Who should choose DataToBiz?
DataToBiz is the right choice for startups and growth-stage companies that need to take an ML product idea from strategy through to market-ready delivery.
Product-oriented ML delivery — combines AI strategy with full-cycle engineering to produce launchable products, not just models.

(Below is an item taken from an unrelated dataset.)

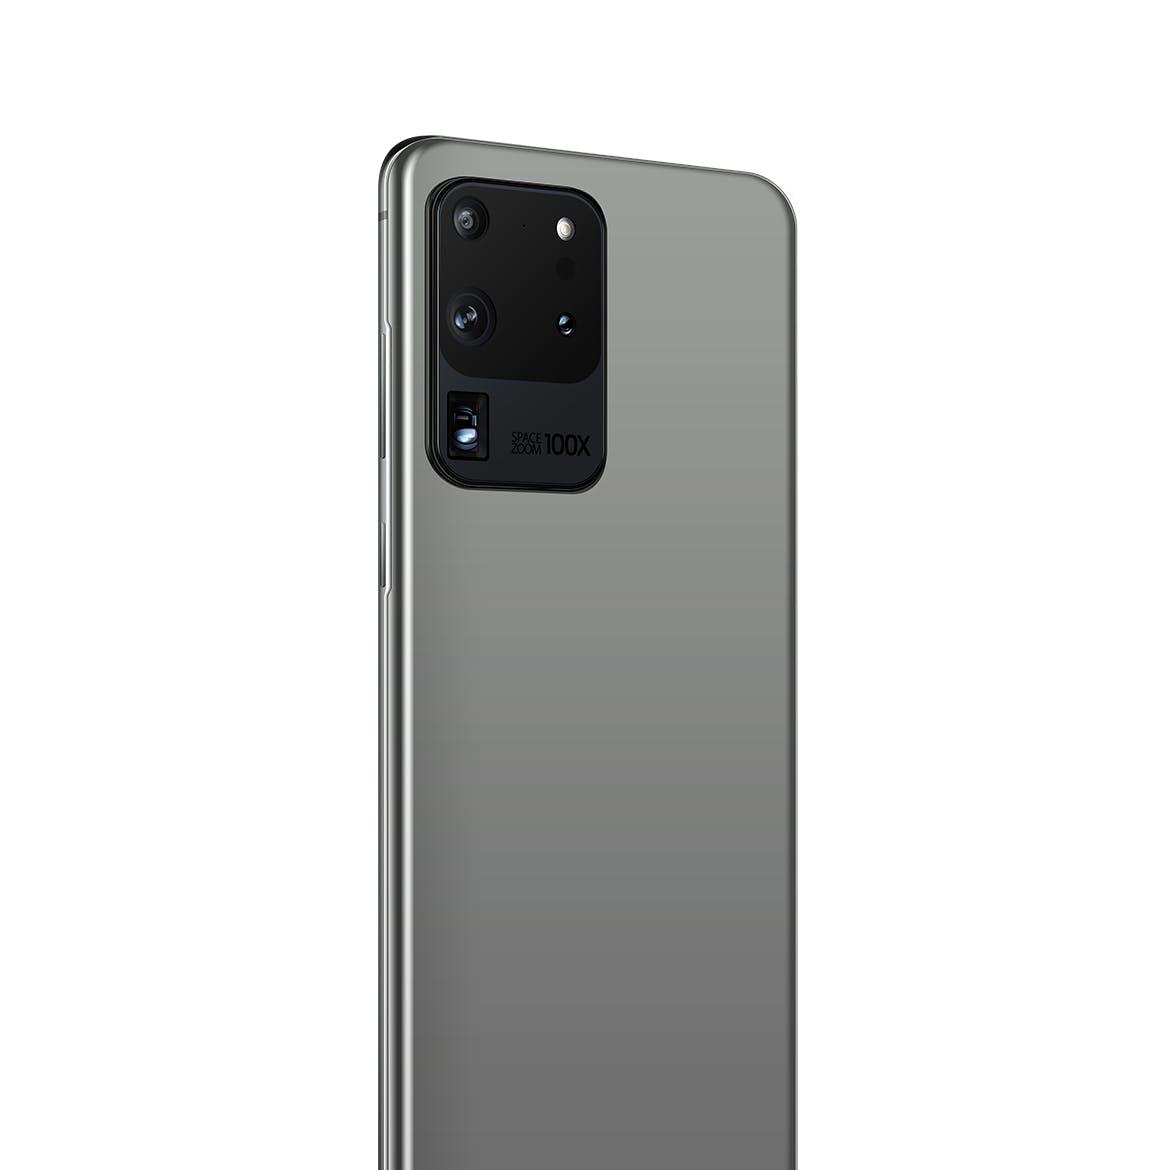 三星Galaxy S20 Ultra智能手机UI设计屏幕预览蚂蚁素材精选样机 S20 Ultra Layered PSD Mockups插图(4)

Minimum engagement starts at $10K. Works best with clients in Financial Services, Retail & E-commerce, Healthcare & Life Sciences, Manufacturing & Industrial.
Decision matrix: Intellias vs DataToBiz
| Your situation | Recommended choice |
|---|---|
| You need full-ownership delivery on a defined project scope | Intellias |
| You need a large dedicated team for an ongoing programme | Intellias |
| Your budget is at the lower end | DataToBiz |
| You need specialist depth in a specific vertical | Intellias |
| You need staff augmentation or team extension | Neither; consider alternatives that offer staff aug |
| You need consulting before committing to a build | DataToBiz |
Use case fit: Intellias vs DataToBiz
| Use case | Intellias fit | DataToBiz fit | Winner |
|---|---|---|---|
| AWS-native aerial imagery ML pipeline with automated classification and reduced TCO | Strong | Limited | Intellias |
| Identity verification analytics with NLP sub-8-second query latency on SageMaker | Strong | Limited | Intellias |
| AI product MVP for fintech startup — from ML idea through to investor-ready demo | Strong | Strong | Both equally |
| E-commerce personalisation product built with ML recommendation engine | Limited | Strong | DataToBiz |
| Fixed-price build | Limited | Limited | Both equally |
| Staff augmentation | Limited | Limited | Both equally |
Verdict: Intellias vs DataToBiz
Intellias (4.3/5) is the stronger overall choice for most Machine Learning Development projects. AWS AI Services Competency with verified production benchmarks — 10x TCO reduction in aerial imagery and sub-8-second NLP query latency. It is best for enterprises that need AWS-native ML with independently validated performance results in computer vision, NLP, or RAG.
DataToBiz (4.0/5) is the better choice when startups and growth-stage companies that need to take an ML product idea from strategy through to market-ready delivery. If your situation matches those criteria, DataToBiz is a competitive option.
Related comparisons
Intellias vs DataToBiz FAQ
Is Intellias better than DataToBiz?
Intellias (4.3/5) scores higher overall, but "better" depends on your use case. Intellias is better for enterprises that need AWS-native ML with independently validated performance results in computer vision, NLP, or RAG. DataToBiz is better for startups and growth-stage companies that need to take an ML product idea from strategy through to market-ready delivery.
How do Intellias and DataToBiz differ in pricing?
Intellias uses dedicated team, t&m pricing with a minimum engagement of $50K. DataToBiz uses fixed project, t&m pricing with a minimum engagement of $10K. Neither firm publishes a full rate card; a discovery call is required for project-specific quotes.
Which is better for enterprise: Intellias or DataToBiz?
DataToBiz is the larger team and typically the better enterprise-scale choice. For very large programmes, verify team size and compliance coverage directly with each company before shortlisting.
What are the main differences between Intellias and DataToBiz?
Intellias's primary differentiator is: aws ai services competency with verified production benchmarks — 10x tco reduction in aerial imagery and sub-8-second nlp query latency. DataToBiz's primary differentiator is: product-oriented ml delivery — combines ai strategy with full-cycle engineering to produce launchable products, not just models. They also differ in team size (3,000+ vs 100–250), minimum engagement ($50K vs $10K), and primary industries served (Manufacturing & Industrial, Financial Services vs Financial Services, Retail & E-commerce).
Last reviewed: July 2026. Verify all details directly with each company before making a decision.